Лампёшка тут же всё понимает. Она бросается к двери кухни прямо с полотенцем в руке.
— Да! — кричит она. — Да, именно это мне и нужно! Как ты догадался?
Тележка
— Нет! — говорит Эдвард. И речи быть не может.
Что это она ещё выдумала? Выйти из комнаты? Спуститься вниз? А потом, разумеется, на улицу, где холодно, да ещё в тележке, которая, ясное дело, трясётся и из которой он выпадет и что-нибудь себе сломает? На улицу, где его могут увидеть? Ничего ужаснее и представить себе невозможно!
— Да, но… — не сдаётся Лампёшка. — Ты наконец увидишь, какие они на самом деле — деревья, птицы, цве…

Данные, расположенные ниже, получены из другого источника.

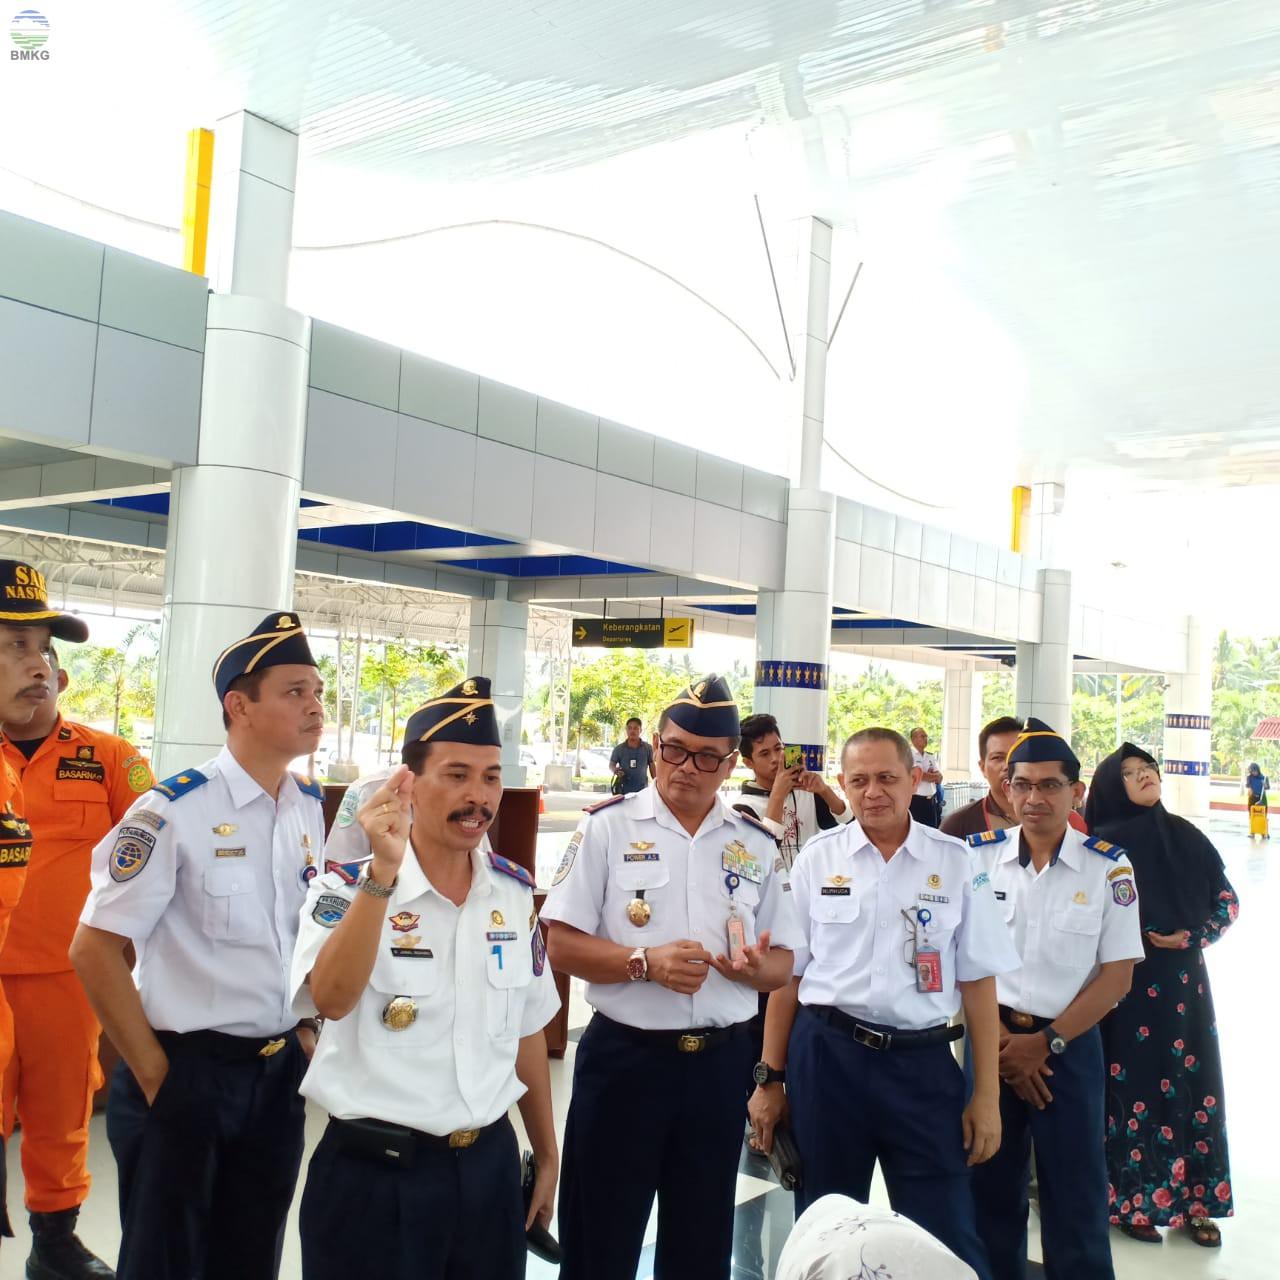 Kontribusi Aktif Stasiun Meteorologi Kelas I Djalaluddin Gorontalo dalam Posko Angkutan Udara Lebaran Tahun 2019/1440 H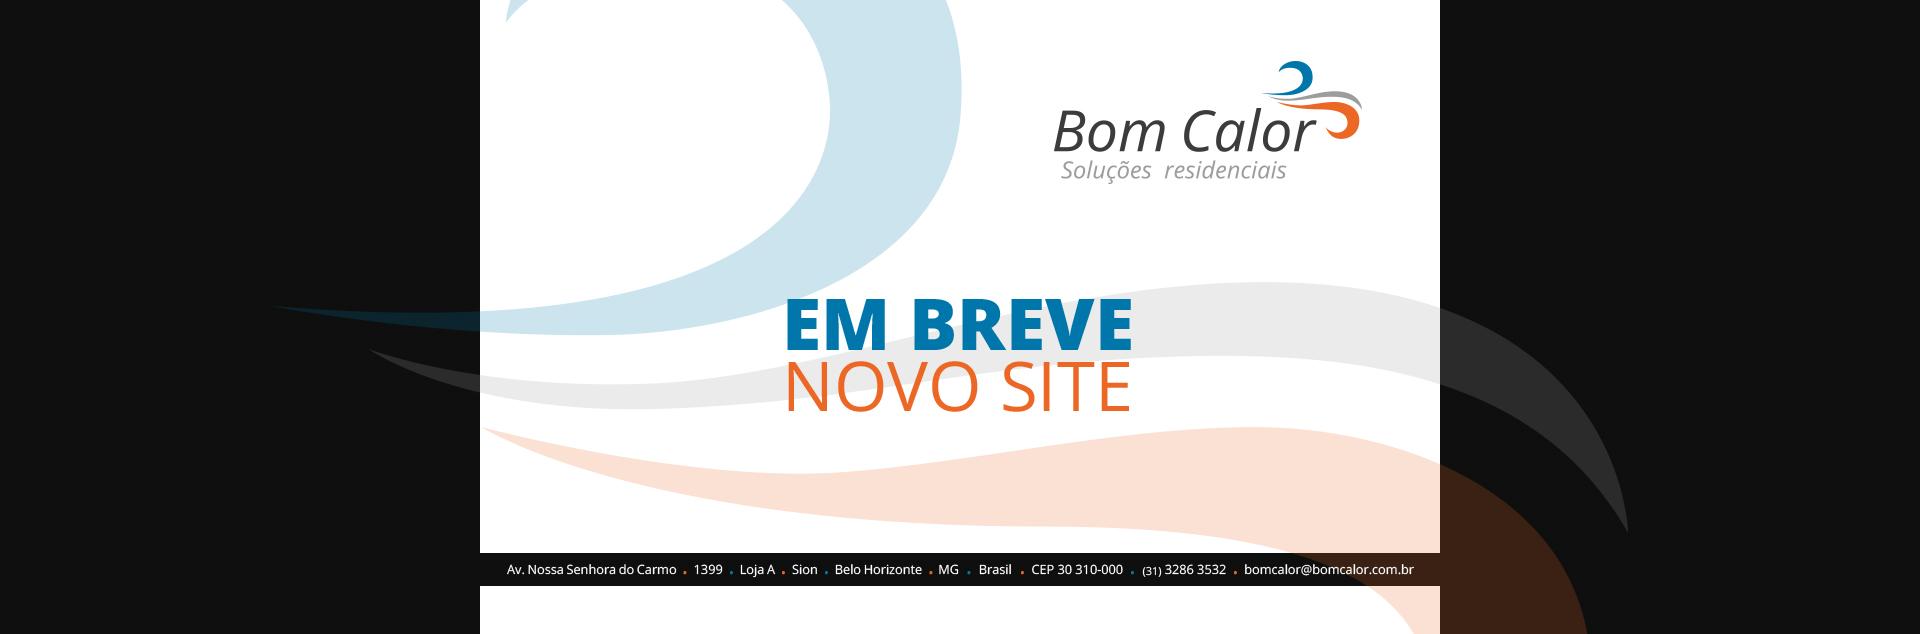 BomCalor_960_grid_16_col_tela_final

— Птиц я и так всех знаю, — возражает Эдвард, и это правда. Он знает, какое у них оперение, где они обитают, как строят гнёзда и как поют, — знает назубок.
— Из книг! Это ведь не то же самое.
Это ещё почему? На улице разве что шуму больше, и только.
— Нет, — повторяет он из-под кровати. — Уходи. Придёшь в полчетвёртого.
— Да, но… — Она просто неспособна замолчать! — Мы могли бы и за ограду выехать разочек. Съездить к морю. А хочешь, к маяку сходим. Заглянем в порт или…
— В порт? — шепчет Эдвард. Где швартуется корабль его отца? — Правда?
— Ну, может, не сразу.
— Тогда нет. Забудь.
— Но в другой раз можно. Для начала прокатимся у дома, в саду.
— Хм… Нет, всё-таки нет.
— Я буду очень осторожна, правда.
— Нет.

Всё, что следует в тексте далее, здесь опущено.